To solve AC circuit problems, you need to understand the concept of the Power Triangle, which relates three types of power using trigonometry. Think of an AC circuit like a “latte”: the liquid is the useful energy doing work, while the foam represents extra power that does not perform useful work.
- Active Power (P): The real power that does actual work (heating, motor rotation), measured in Watts (W).
\( P = S \cos \phi \) - Reactive Power (Q): The power that oscillates between source and load due to inductors and capacitors, measured in VAR.
\( Q = S \sin \phi \) - Apparent Power (S): The total supplied power, measured in VA.
\( S = \sqrt{P^2 + Q^2} \)
The Power Factor (PF) represents how effectively the power is being used and is defined as:
\[
\text{PF} = \cos \phi = \frac{\text{Active Power (P)}}{\text{Apparent Power (S)}}
\]
When solving problems where \(Q\) and \(\cos \phi\) are given, and \(P\) is required, we use the tangent relationship from the power triangle:
\[
\tan \phi = \frac{Q}{P}
\]
Rearranging:
\[
P = \frac{Q}{\tan \phi}
\]
To compute step-by-step:
- Given: \( \cos \phi = 0.8 \)
- Using identity: \( \sin^2 \phi + \cos^2 \phi = 1 \)

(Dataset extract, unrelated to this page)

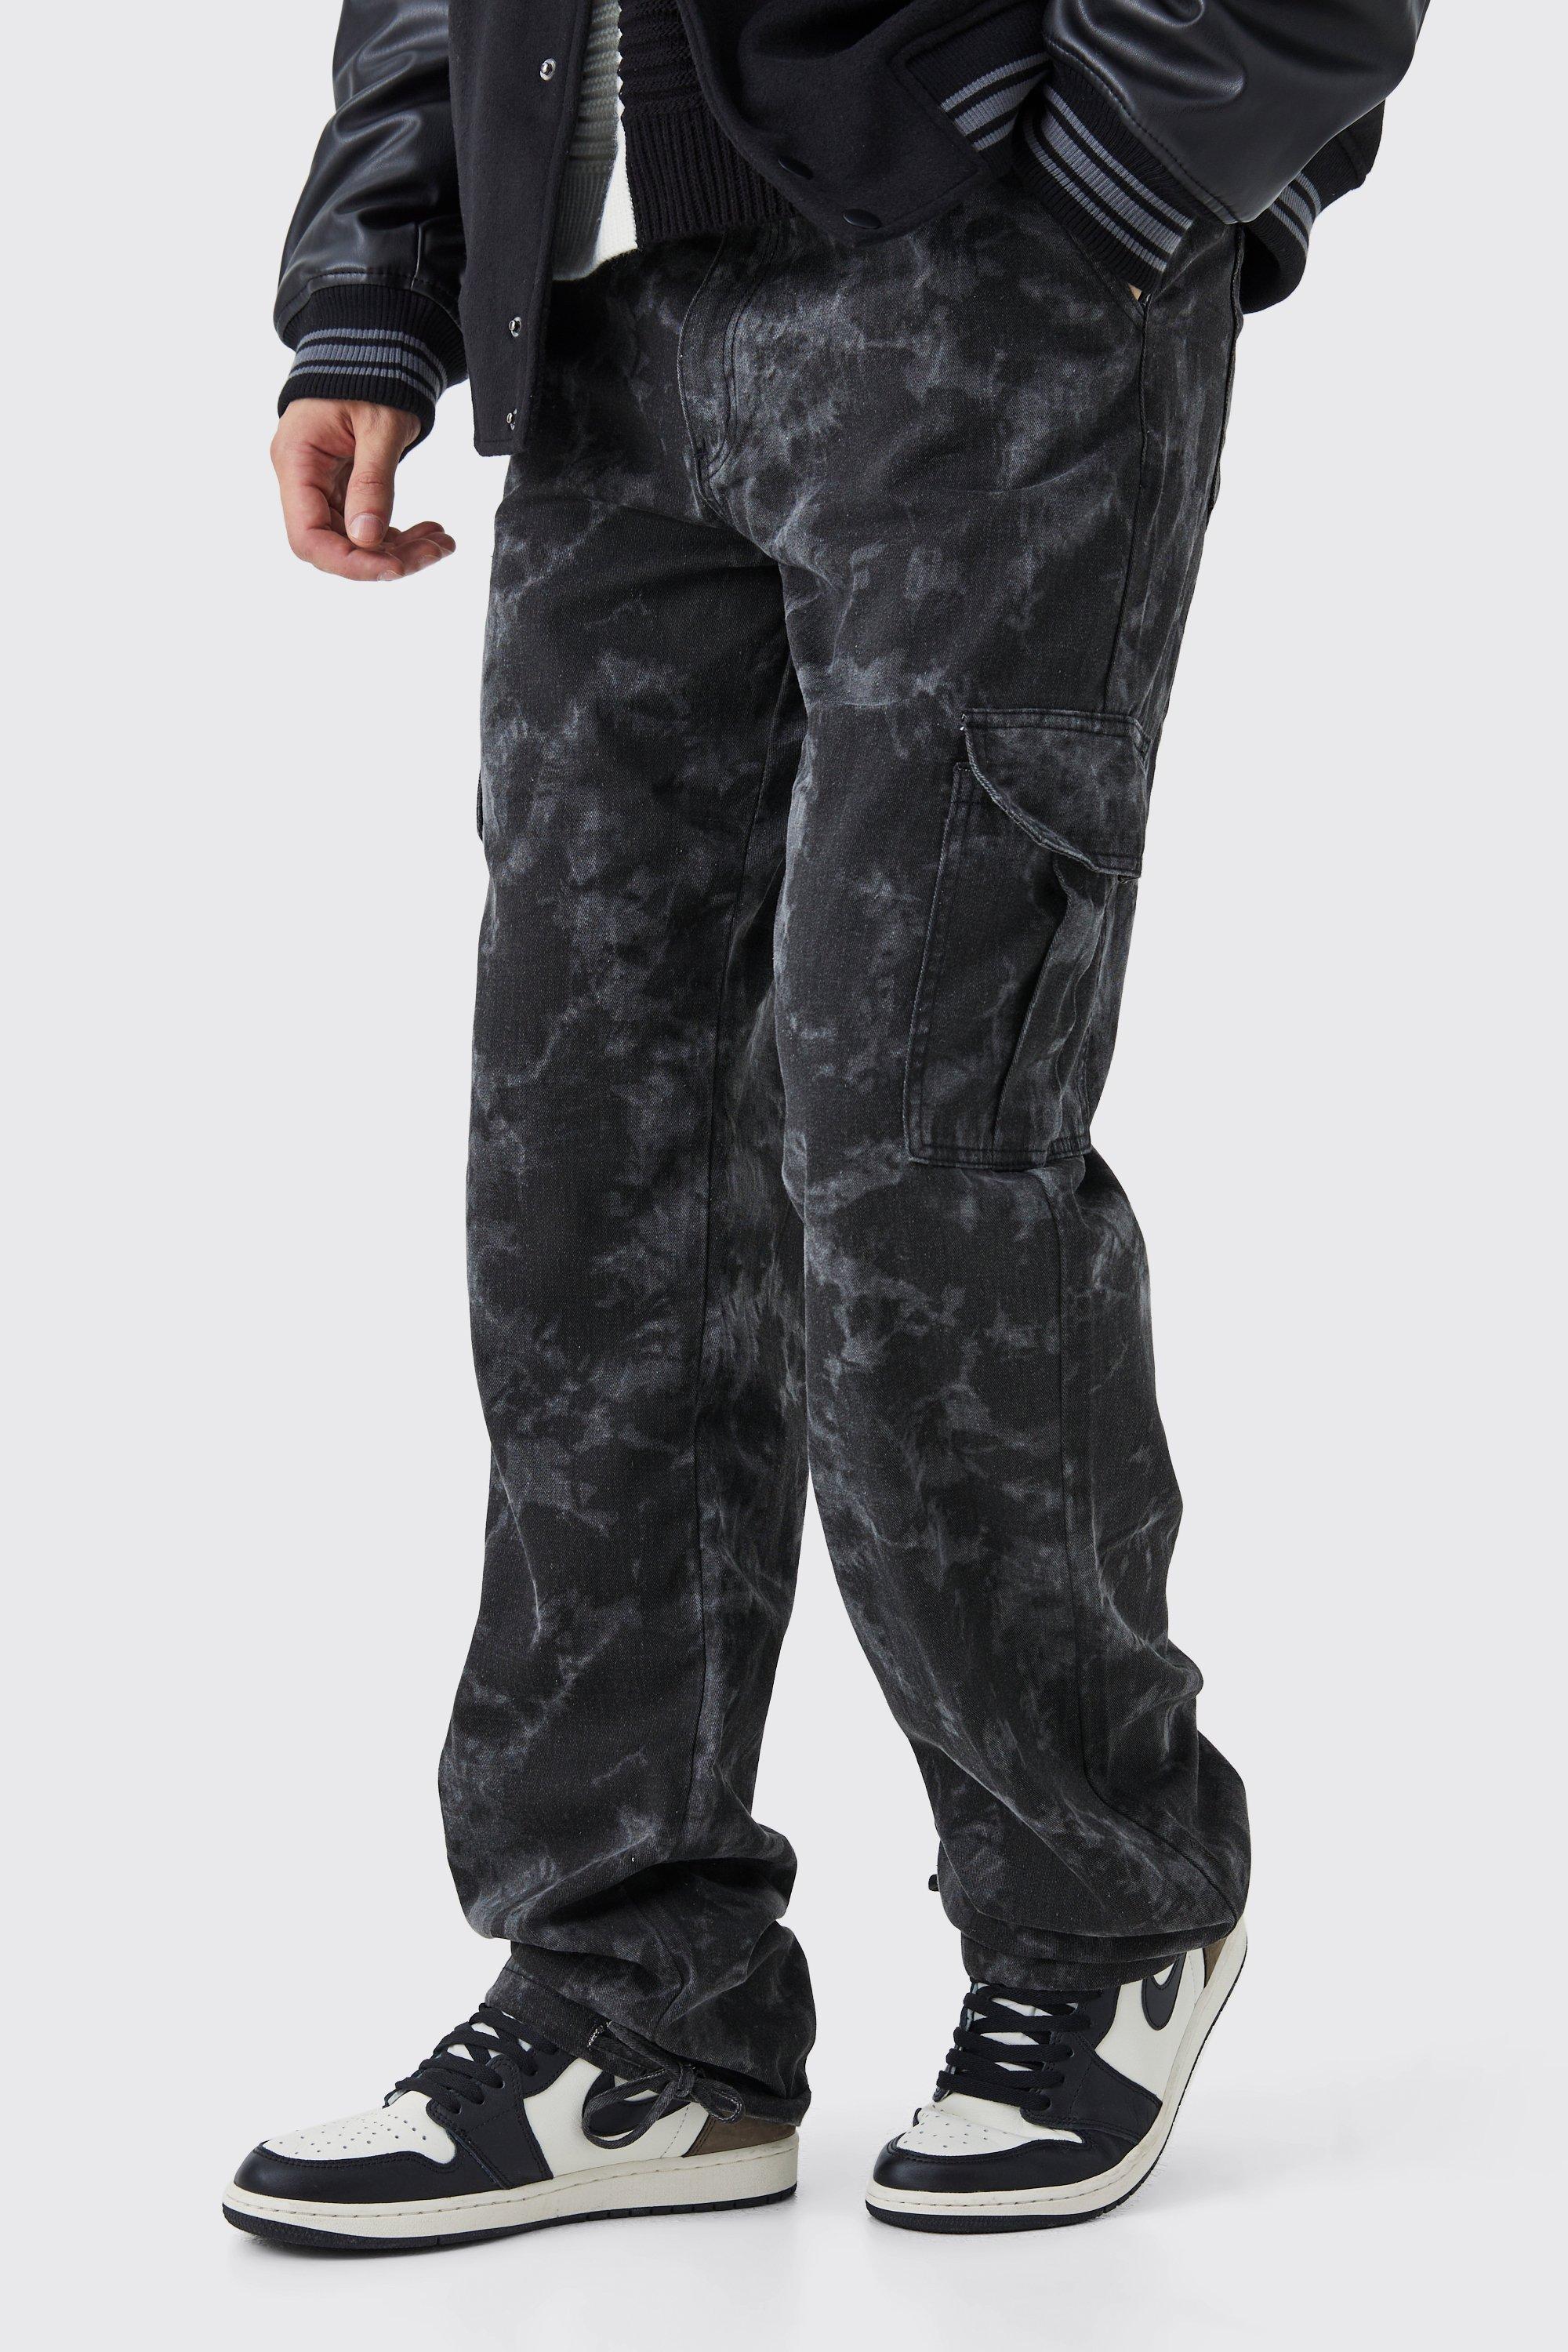 tall - pantalon cargo délavé homme - gris - 30, gris
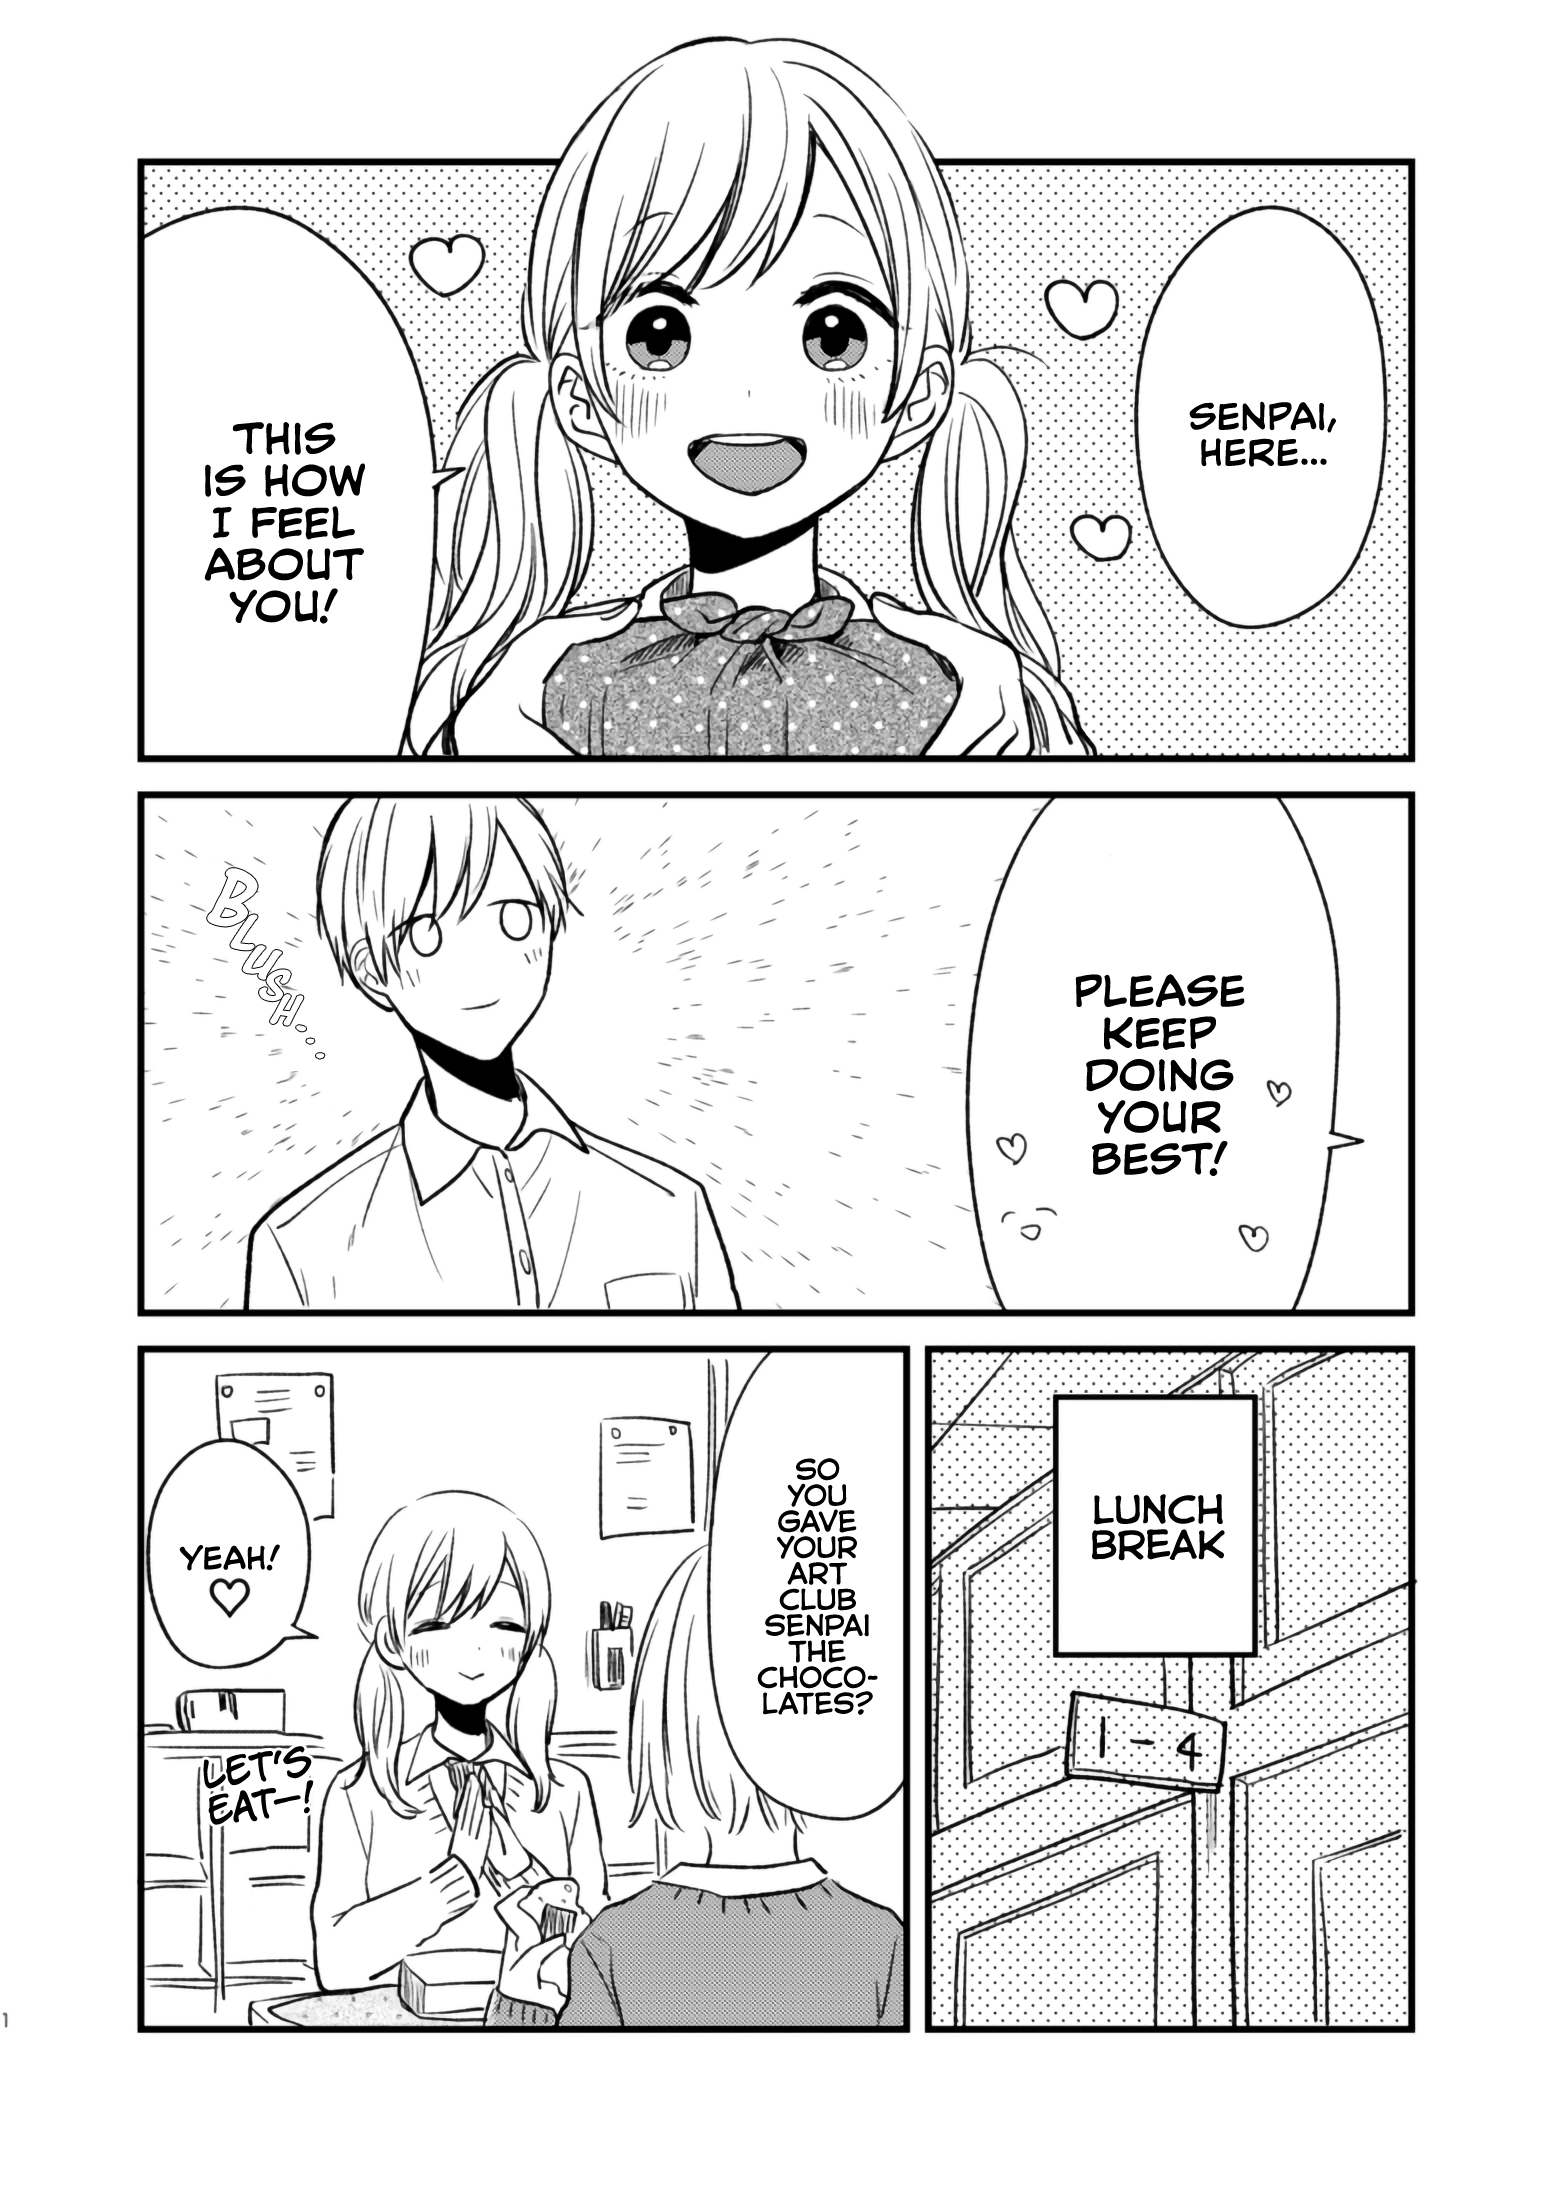 Valentine's Day with Senpai manga

- \( \sin \phi = \sqrt{1 – 0.8^2} = 0.6 \)
- \( \tan \phi = \frac{\sin \phi}{\cos \phi} = \frac{0.6}{0.8} = 0.75 \)
- \( P = \frac{300}{0.75} = 400 \text{ W} \)
Final Answer: \( P = 400 \text{ W} \)
Quick exam tips:
- If \( \cos \phi = 0.8 \), then \( \sin \phi = 0.6 \) and \( \tan \phi = 0.75 \)
- If \( \cos \phi = 0.6 \), then \( \sin \phi = 0.8 \) and \( \tan \phi \approx 1.33 \)